TASK PROMPT
Since only part of the material below is wanted, output exactly the lines from the one with "Picture of Striped" up to and including the one with "48877ec Crate Barrel".

DATA EXTRACTS
== Segment start ==

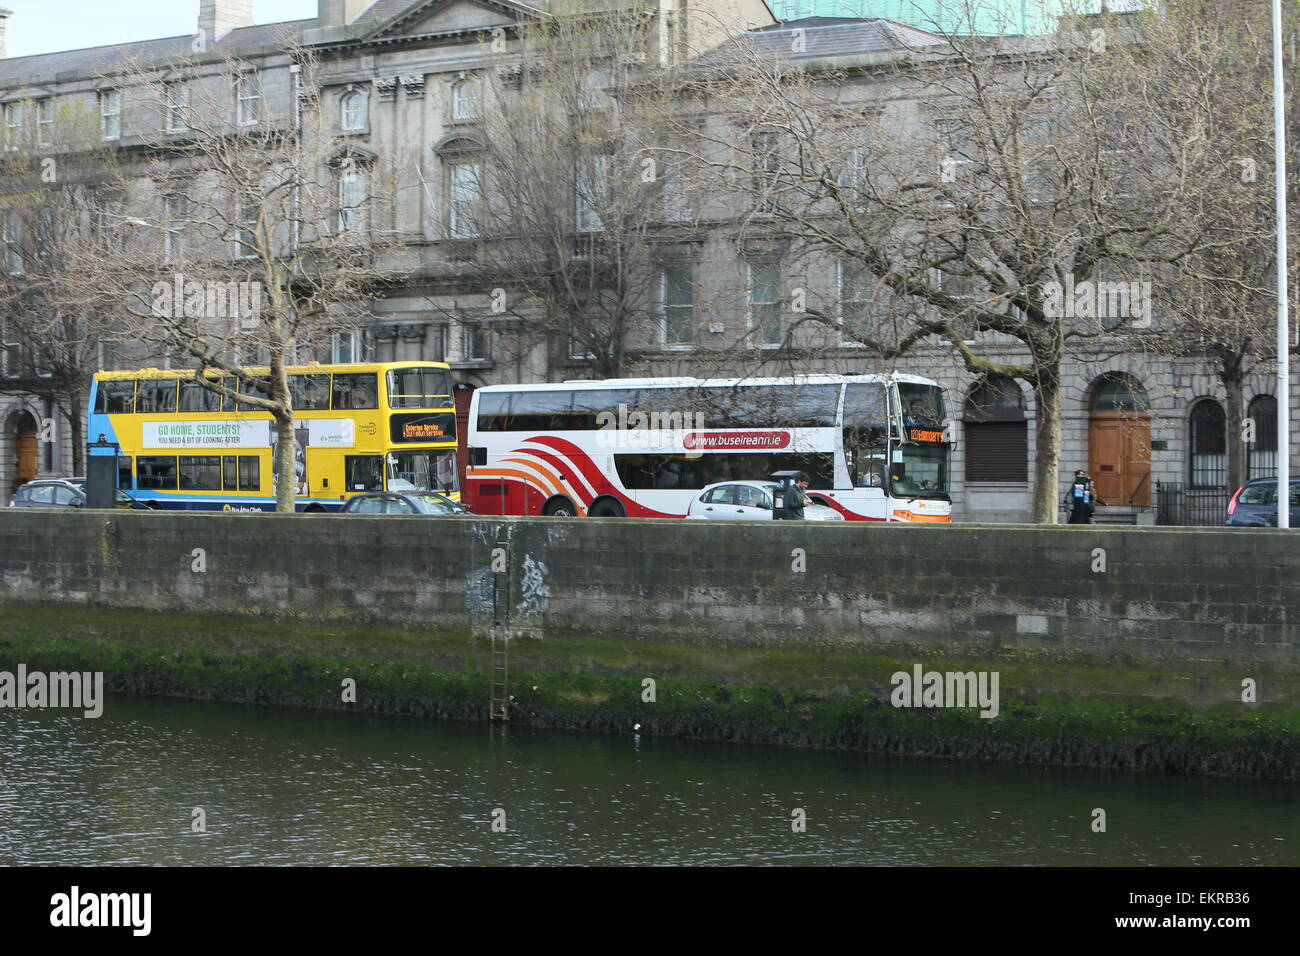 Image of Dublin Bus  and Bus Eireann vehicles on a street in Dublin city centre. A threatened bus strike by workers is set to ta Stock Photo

== Segment end ==
== Segment start ==

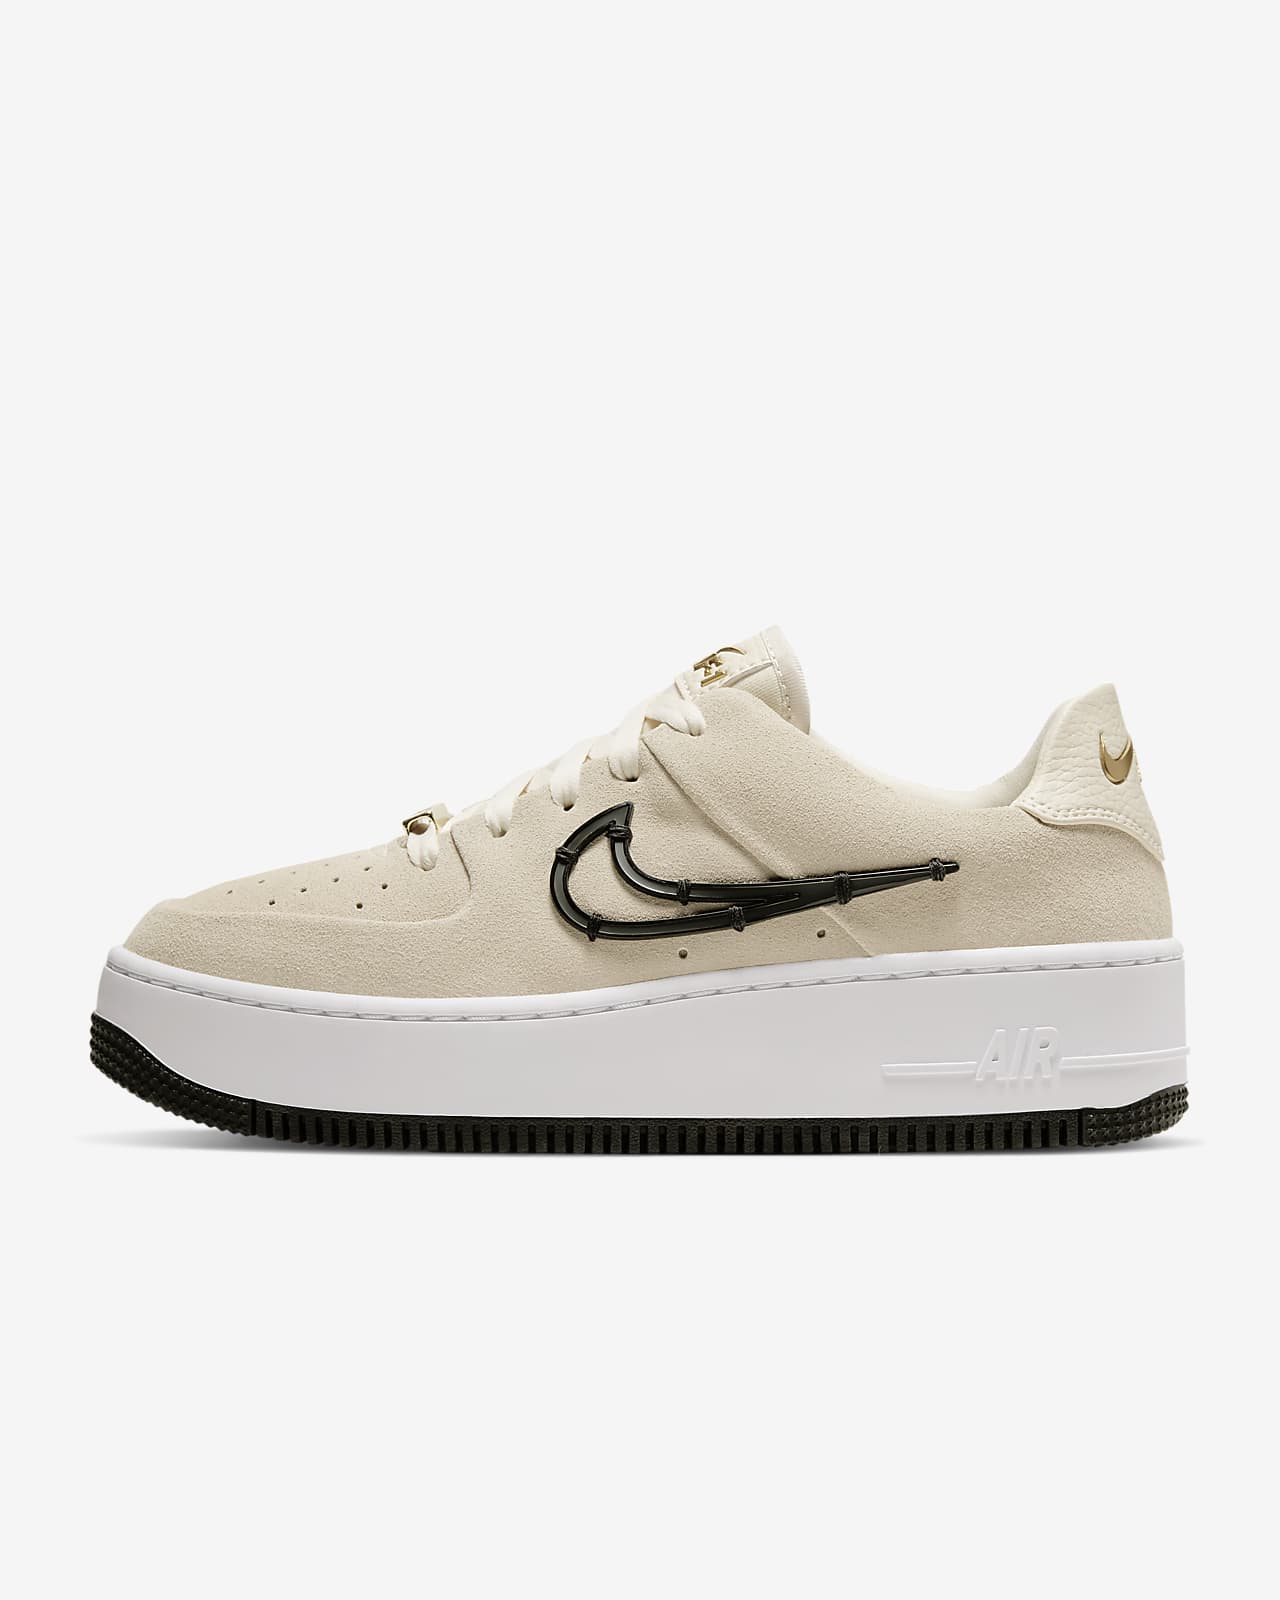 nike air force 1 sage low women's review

== Segment end ==
== Segment start ==

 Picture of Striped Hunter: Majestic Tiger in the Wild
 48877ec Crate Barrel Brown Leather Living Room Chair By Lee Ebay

== Segment end ==

RESULT OF THE EXERCISE
 Picture of Striped Hunter: Majestic Tiger in the Wild
 48877ec Crate Barrel Brown Leather Living Room Chair By Lee Ebay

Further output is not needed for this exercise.